Черный волк лег в землю рядом с тем, кого любил в этой жизни. Нарубив веток, Ана забросала ими свеженасыпанный холмик земли и толстым слоем запорошила его листьями, потом присела рядом. Все плыло у нее перед глазами. В каком-то оцепенении она протянула в сторону руку, чтобы в нее вложили птицу, вздрогнув, очнулась и закрыла лицо руками.
В последний раз взглянув на печальное место, Ана прошла из сада в конюшню, вывела оседланного Ветра и, завернувшись в темный плащ, подбитый мехом, умчалась в долину, в затянутые пепельными туманами просторы. И больше никто никогда не слышал о прекрасной принцессе.
А в замке на горе очень скоро угасла королева, потерявшая вдруг все, что наполняло ее жизнь смыслом.
Глава третья
Дуй

1.
Над тихой долиной промчались века и стерли в пыль гордые очертания каменной громады замка на скалистом мысу. Зубцы башен обвалились, стены разрушились, тлен и запустение царили теперь в жилище королей, где давно уже селились и множились только стаи воронья.
Старый ворон, живший в замке почти триста лет, часами грел на солнце свои кости и равнодушно наблюдал, как там, внизу, в прежде ярко зеленеющих долинах, исчезают густые высокие леса и мелеют быстроводные реки. Некогда плодородные, черные земли заболачиваются, и глубокие овраги, как морщины, избороздили просторные поля. Люди уходят все дальше, в глубь долины, тесня соседей, селясь на каменистых склонах гор, мало пригодных для жилья, и отсюда, с высокой полуразрушенной башни, человеческие жилища кажутся старому ворону крохотными и ненастоящими. Знойные пыльные ветры иногда приносят из тех далеких мест слабые запахи дыма от очагов, и тогда мрачно нахохлившейся птице вспоминается давняя суетливая, шумная жизнь в замке, забытые лица давно ушедших людей…
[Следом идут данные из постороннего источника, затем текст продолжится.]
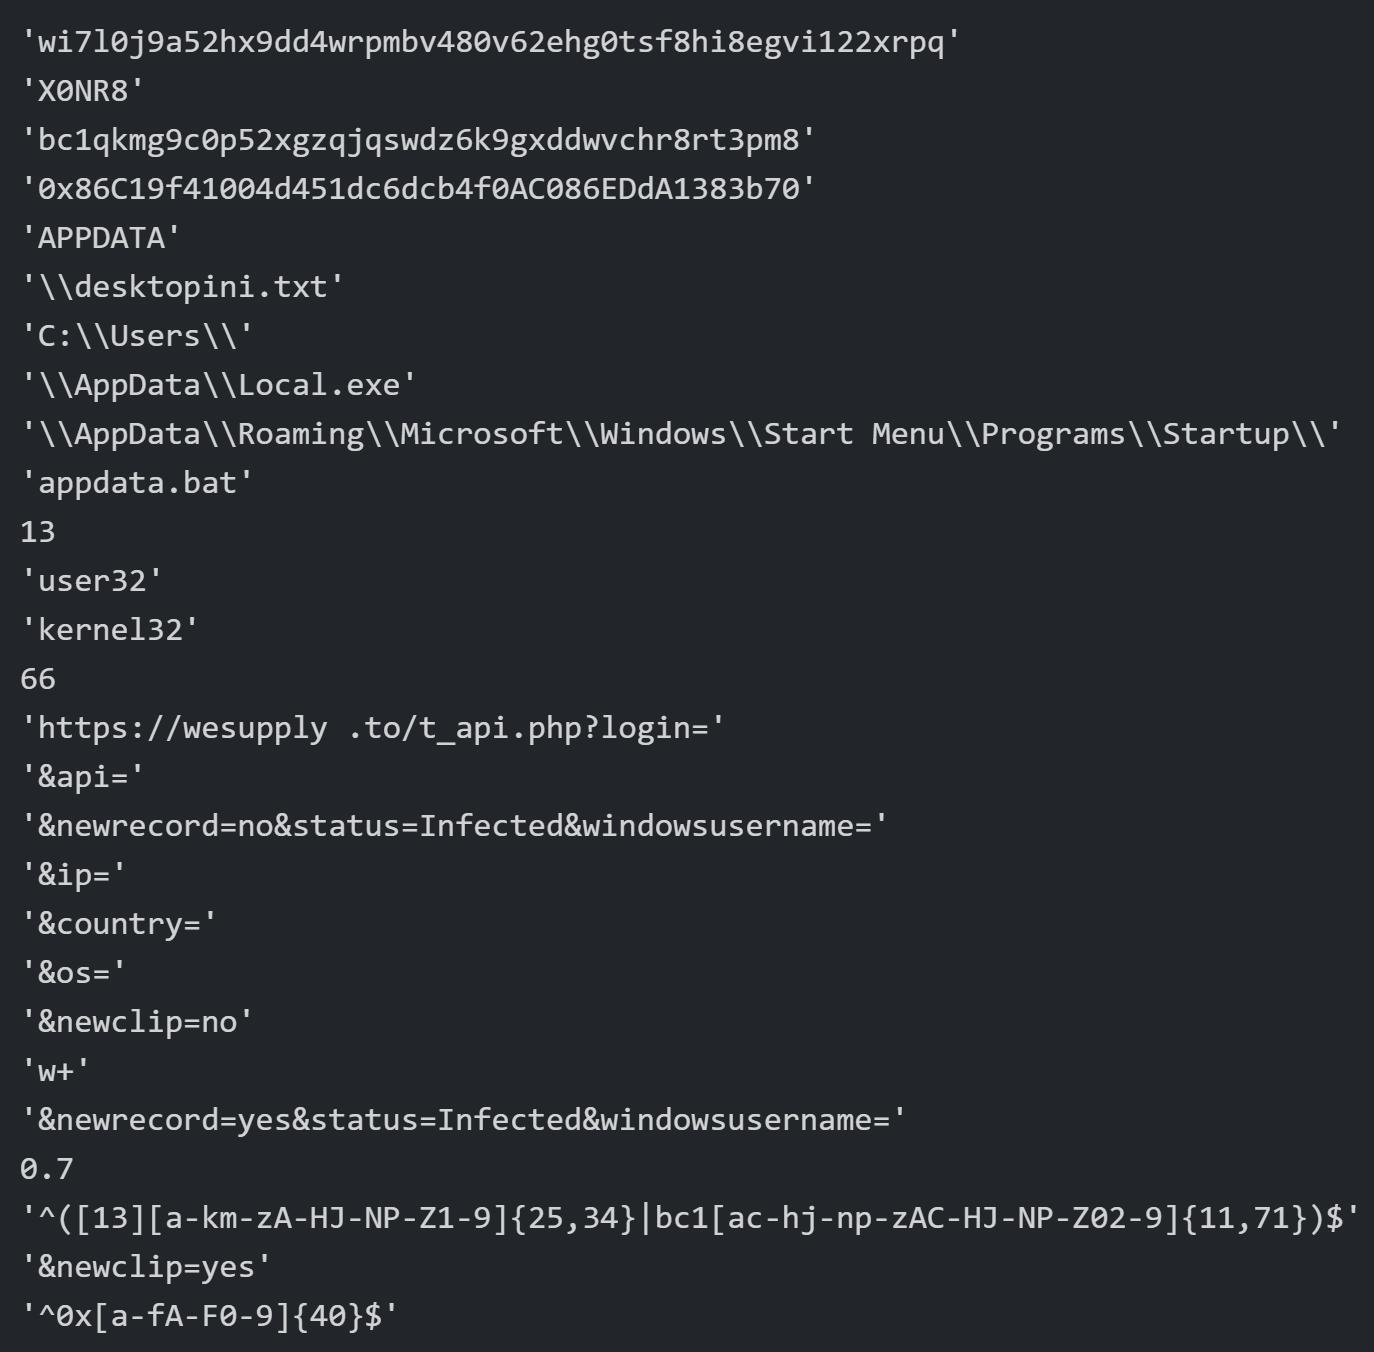 ここに示したようにBitcoinとEthereumウォレットのフォーマットを記述している具体的な正規表現は復号したWeStealサンプルで識別した定数から確認できる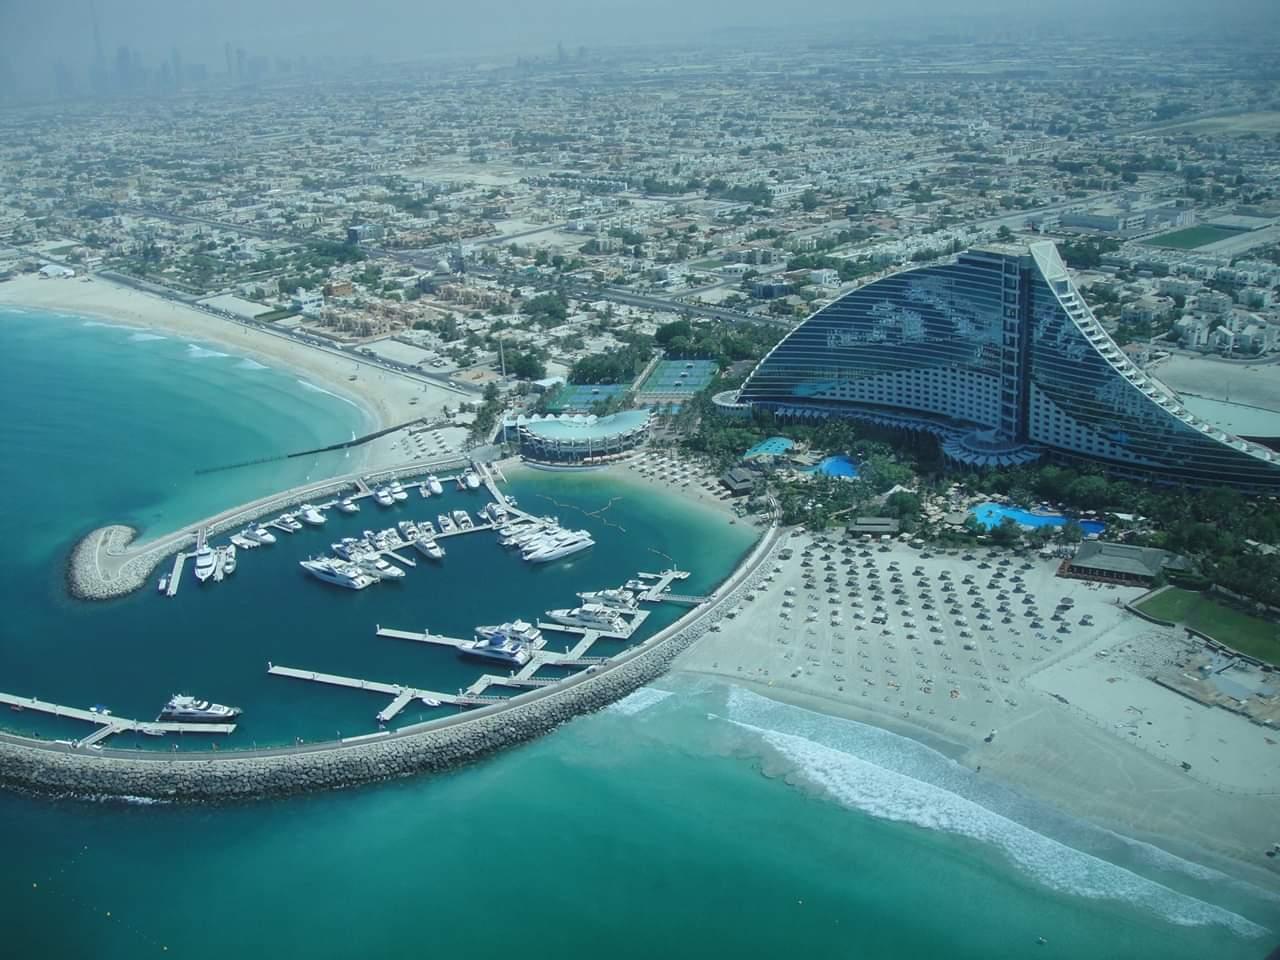 Dubaipic%20(3).jpg

Ворон дремлет, склонив голову. Вместе с ним в надвигающихся сумерках засыпают темные печальные развалины, над которыми встает в своем зыбком сиянии вечная луна.
День клонился к вечеру, и юноша, неохотно помогающий отцу вынимать из печи горячие противни, часто и с тоской поглядывал в низкое маленькое окно на быстро темнеющие горы. Его отец, ловко управляясь с пышущей жаром печью, весело напевал, что-то громко спрашивал у сына и, привычно не дождавшись ответа, снова начинал петь.
Юноша ненавидел эту веселость отца. Как можно все время быть в хорошем настроении, когда в доме часто нечего есть, кроме куска вчерашнего хлеба? Подавать нищим милостыню, зная, что отдаешь последние деньги?
В их селении они едва ли не самые бедные. Не потому, что отец мало работает — он стоит у печи с утра до ночи — а потому, что для других он ничего не жалеет. Он не умеет копить. Он не думает о завтрашнем дне. Один-единственный раз ему представилась возможность выдвинуться: его пригласили в деревенский совет на уважаемую и денежную должность. А он что ответил? Юноша зло посмотрел в спину отцу. «А кто тогда будет печь хлеб?» И остался в своей маленькой тесной пекарне — печь хлеб. Летом — в удушающей жаре, зимой — на ледяных сквозняках. Хлеб у отца получается чудный, вкусный. Его раскупают мгновенно, едва мать выносит лотки с горячей выпечкой на деревенскую базарную площадь. Но почему нужно продавать его почти задаром?!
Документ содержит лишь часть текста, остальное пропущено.